◆ DATA BELOW
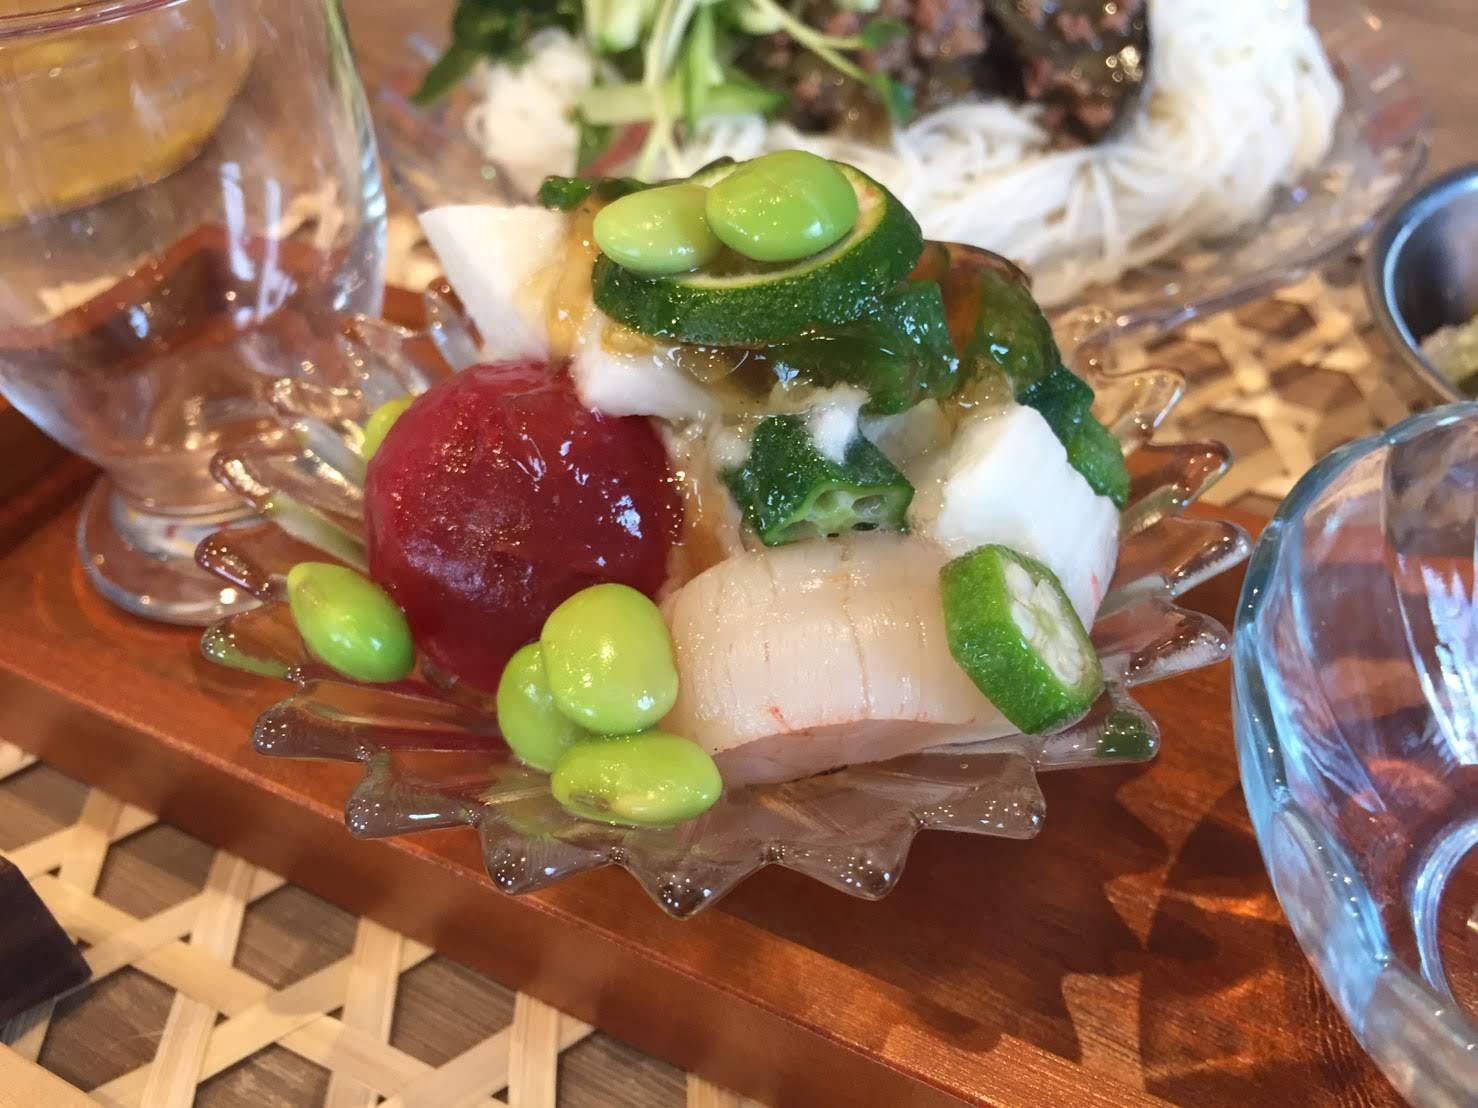 荒川雅子さんセミナー料理写真のサムネイル
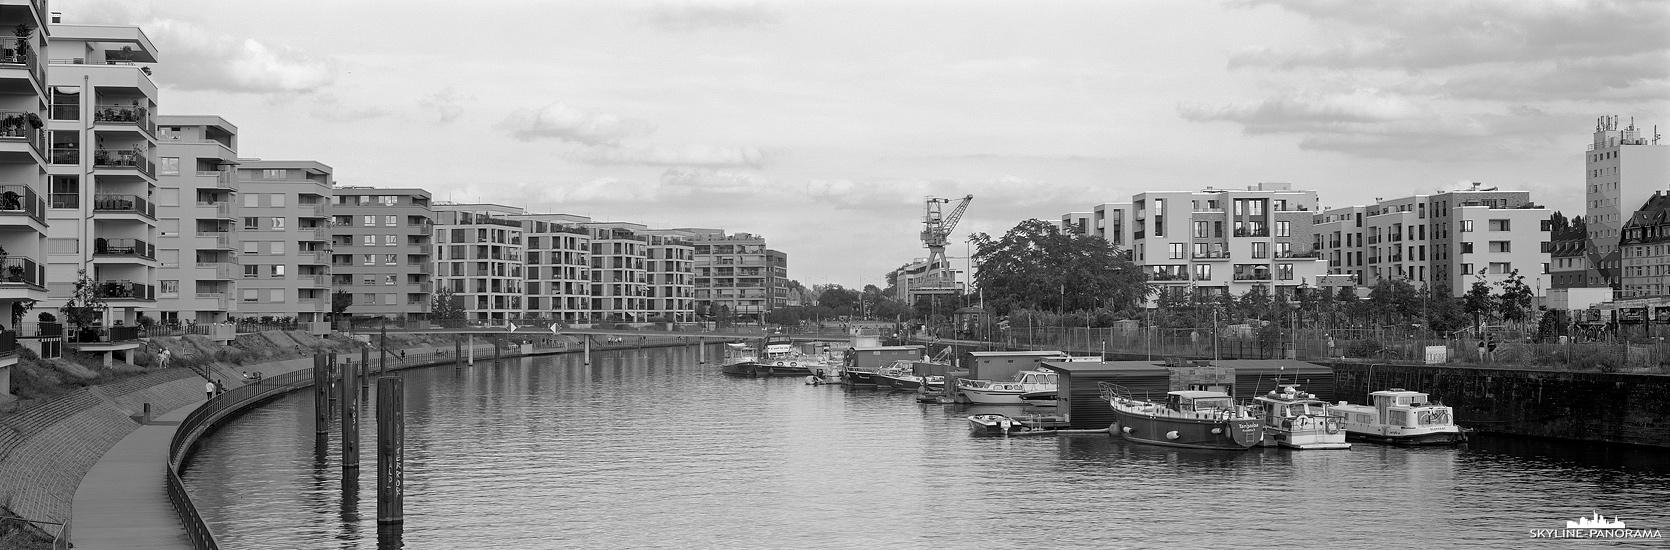 Stadtviertel Hafen Offenbach (p_01199)
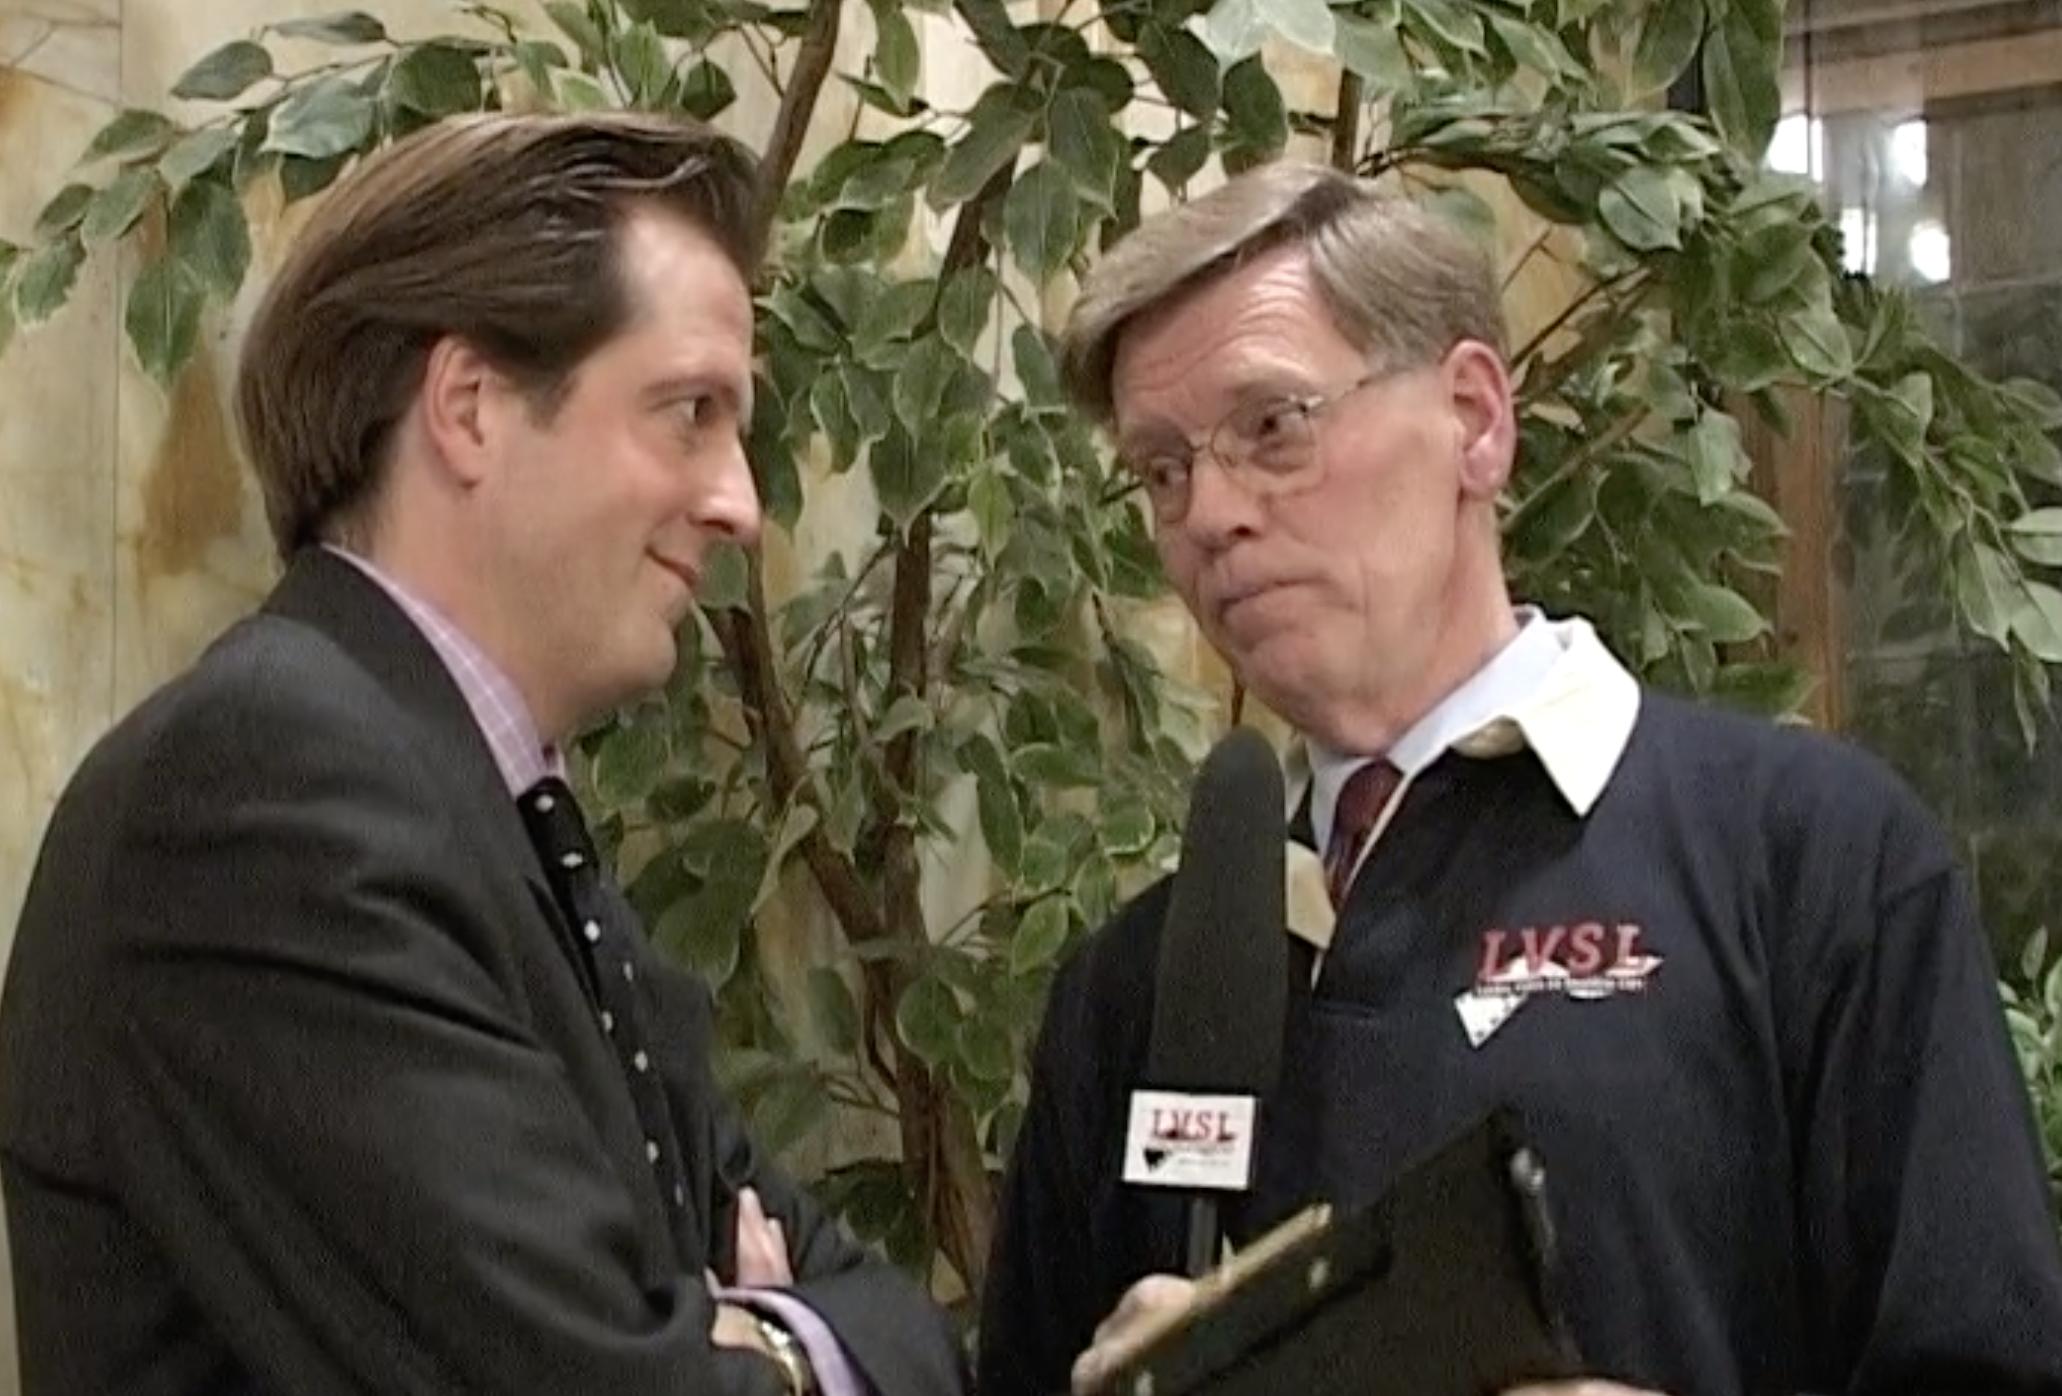 Bewegend Verleden: het plan voor de Leidse Aalmarkt, 2002 [video]

◆ PROBLEM STATEMENT
Restate the data word for word while omitting each picture.

◆ SOLUTION FOR THIS TASK
 荒川雅子さんセミナー料理写真のサムネイル
 Stadtviertel Hafen Offenbach (p_01199)
 Bewegend Verleden: het plan voor de Leidse Aalmarkt, 2002 [video]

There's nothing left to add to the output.